In this system, there is air space (not necessarily with any other gases other than vapor; it can be a vacuum) above some liquid water. At any time, a number of liquid molecules jump off the surface and change into vapor molecules (evaporation), while some vapor molecules simultaneously fall back and become liquid water again (condensation).

Note that evaporation increases the number of vapor molecules in the air while condensation reduces the number of vapor molecules that are airborne.

When there are few vapor molecules in the air space, the rate at which evaporation takes place exceeds the rate of condensation, so net evaporation results. This occurs when the air space is subsaturated, or has a vapor pressure less than what it would be if the air was saturated.

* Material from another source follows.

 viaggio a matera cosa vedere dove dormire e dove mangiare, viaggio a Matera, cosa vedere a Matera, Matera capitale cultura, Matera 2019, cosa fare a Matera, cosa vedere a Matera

After a while, the air space contains a lot of vapor molecules. As the numbers increase, the rate of condensation increases (the evaporation rate is constant, and is directly dependent on temperature). Eventually, the evaporation and condensation rates will be the same, and a steady-state condition is achieved---the vapor pressure is constant and there is no net evaporation. This is the state of saturation, and the vapor pressure at this point is the saturation vapor pressure (e_sat).

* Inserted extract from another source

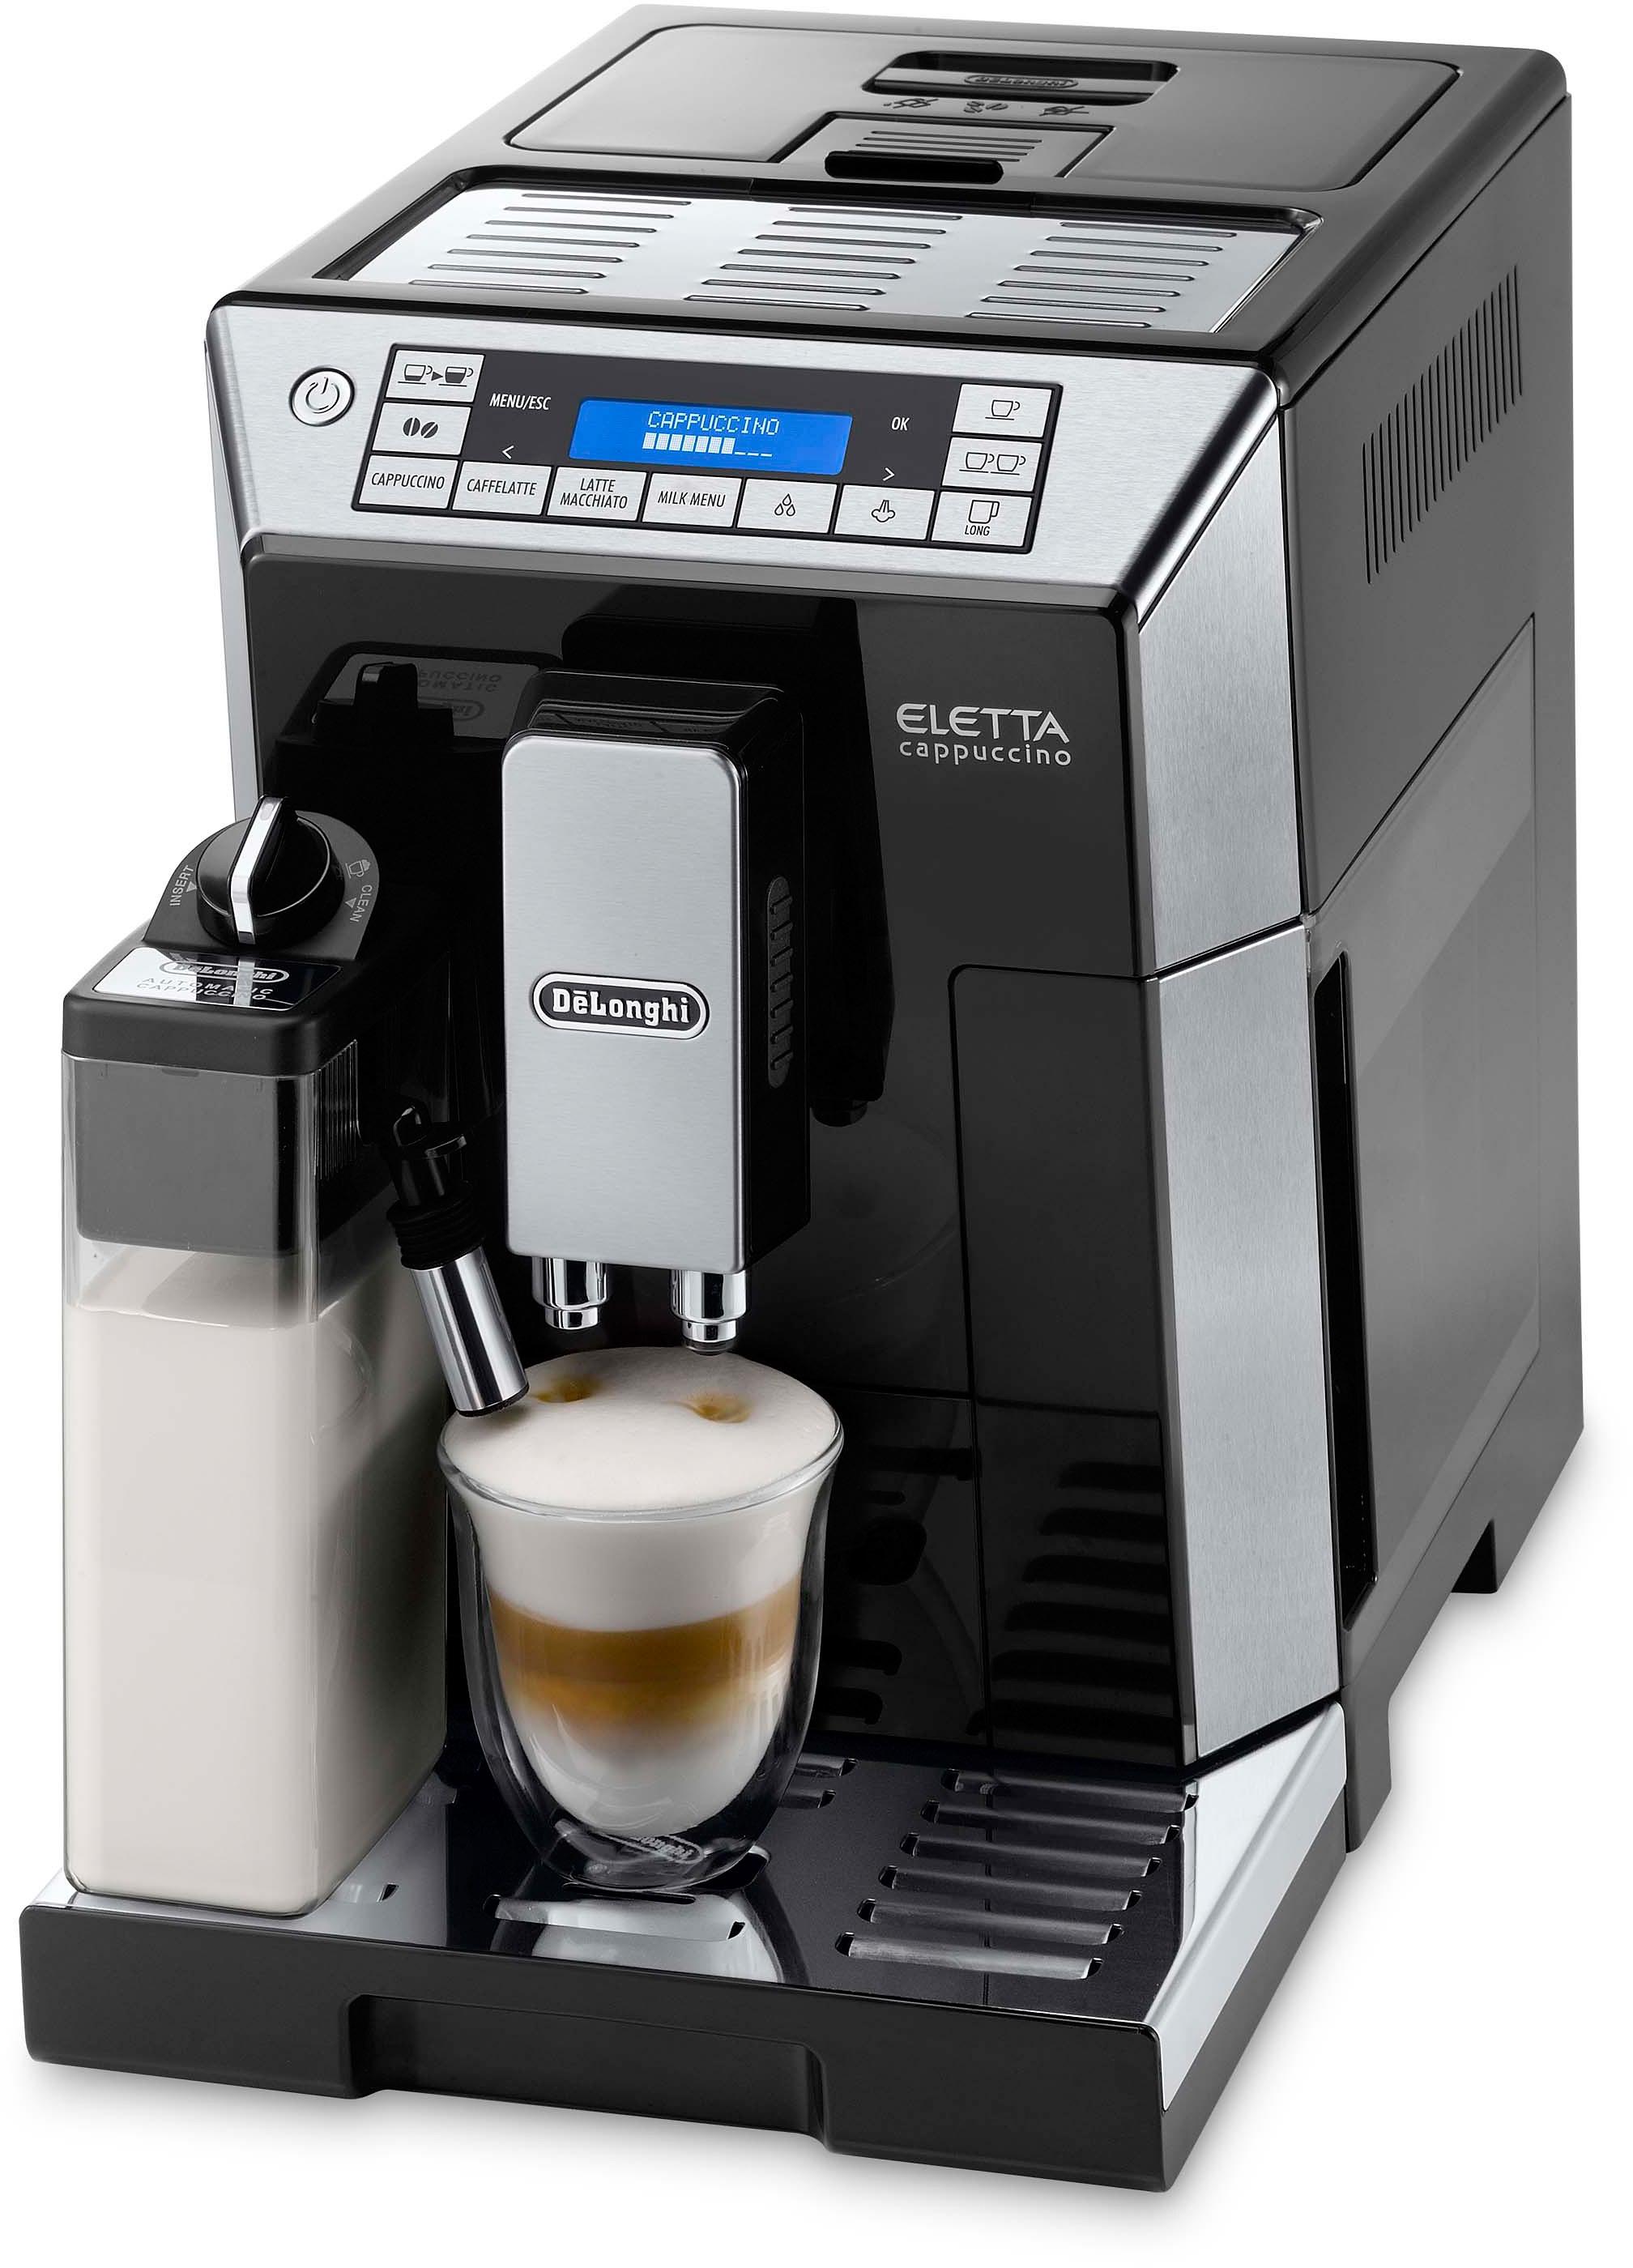 De'longhi DELONGHI Koffiezetapparaat ECAM 45.766 B online kopen op otto.nl

If the system's temperature was increased, the liquid and vapor molecules start to bounce around with greater speed. This makes more liquid molecules reach a state where they jump off and evaporate (the absolute evaporation rate increases as temperature increases). With a higher evaporation rate, we need a higher condensation rate in order to have equilibrium. To get this higher condensation rate, there needs to be a greater number of vapor molecules in the air space. Thus, as the temperature increases, the saturation vapor pressure increases. Note that the saturation value is merely a potential maximum amount of vapor, because at any one time, the air could be subsaturated (e less than e_sat) or even supersaturated (e greater than e_sat).